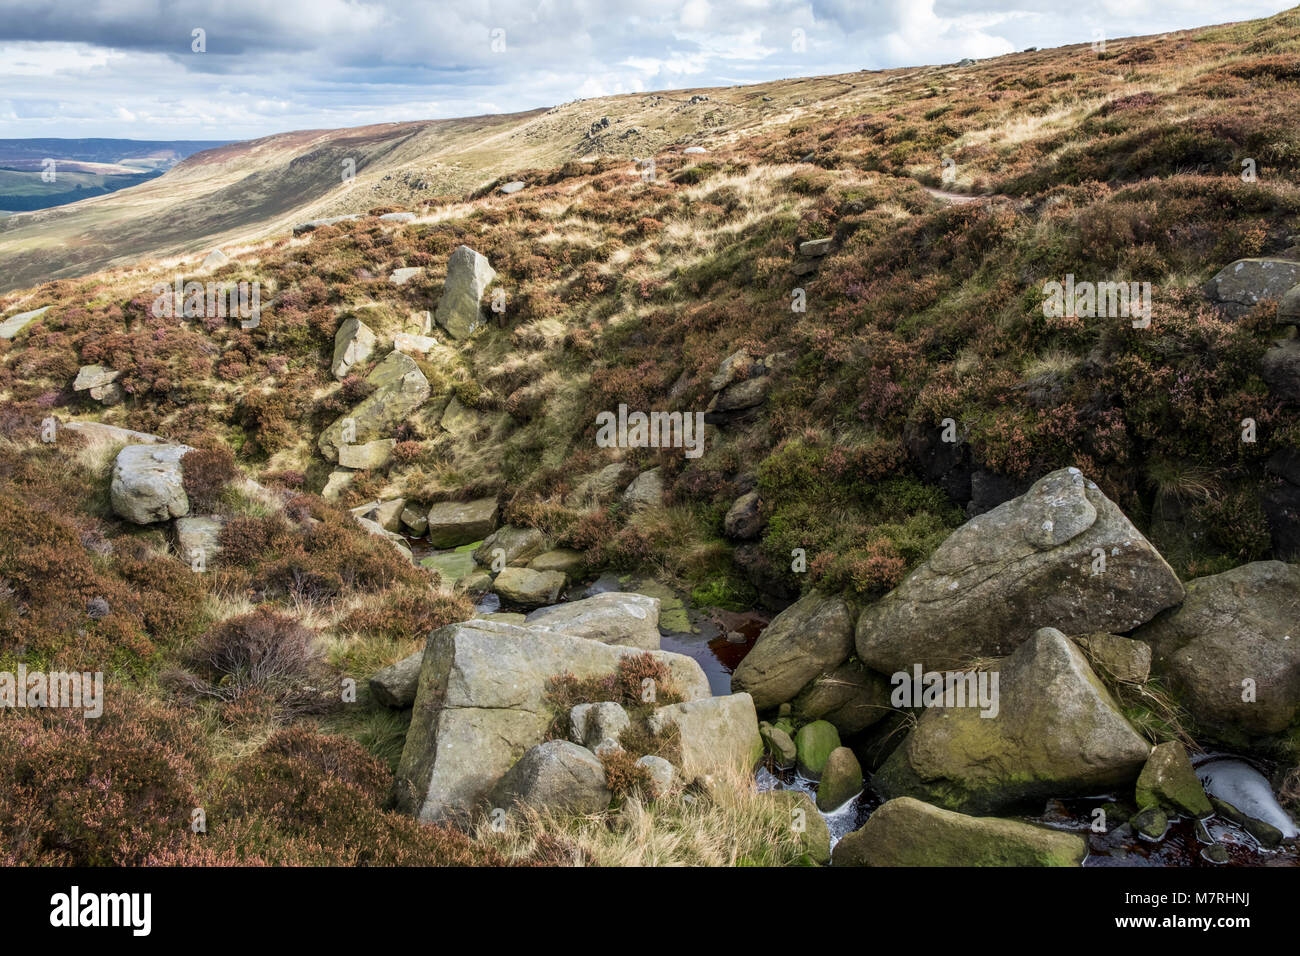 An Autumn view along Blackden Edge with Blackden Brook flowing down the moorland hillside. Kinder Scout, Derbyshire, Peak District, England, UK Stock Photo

* * *

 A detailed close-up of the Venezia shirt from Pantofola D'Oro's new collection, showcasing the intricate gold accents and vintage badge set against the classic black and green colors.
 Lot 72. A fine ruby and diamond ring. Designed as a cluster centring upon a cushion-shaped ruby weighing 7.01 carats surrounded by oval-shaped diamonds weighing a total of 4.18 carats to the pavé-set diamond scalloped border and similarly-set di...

§ What you will do: Beginning at the line with "A detailed close-up" and stopping after the line with "Lot 72. A fine", please write out every line of the data above exactly and nothing else.

§ Exercise response:
 A detailed close-up of the Venezia shirt from Pantofola D'Oro's new collection, showcasing the intricate gold accents and vintage badge set against the classic black and green colors.
 Lot 72. A fine ruby and diamond ring. Designed as a cluster centring upon a cushion-shaped ruby weighing 7.01 carats surrounded by oval-shaped diamonds weighing a total of 4.18 carats to the pavé-set diamond scalloped border and similarly-set di...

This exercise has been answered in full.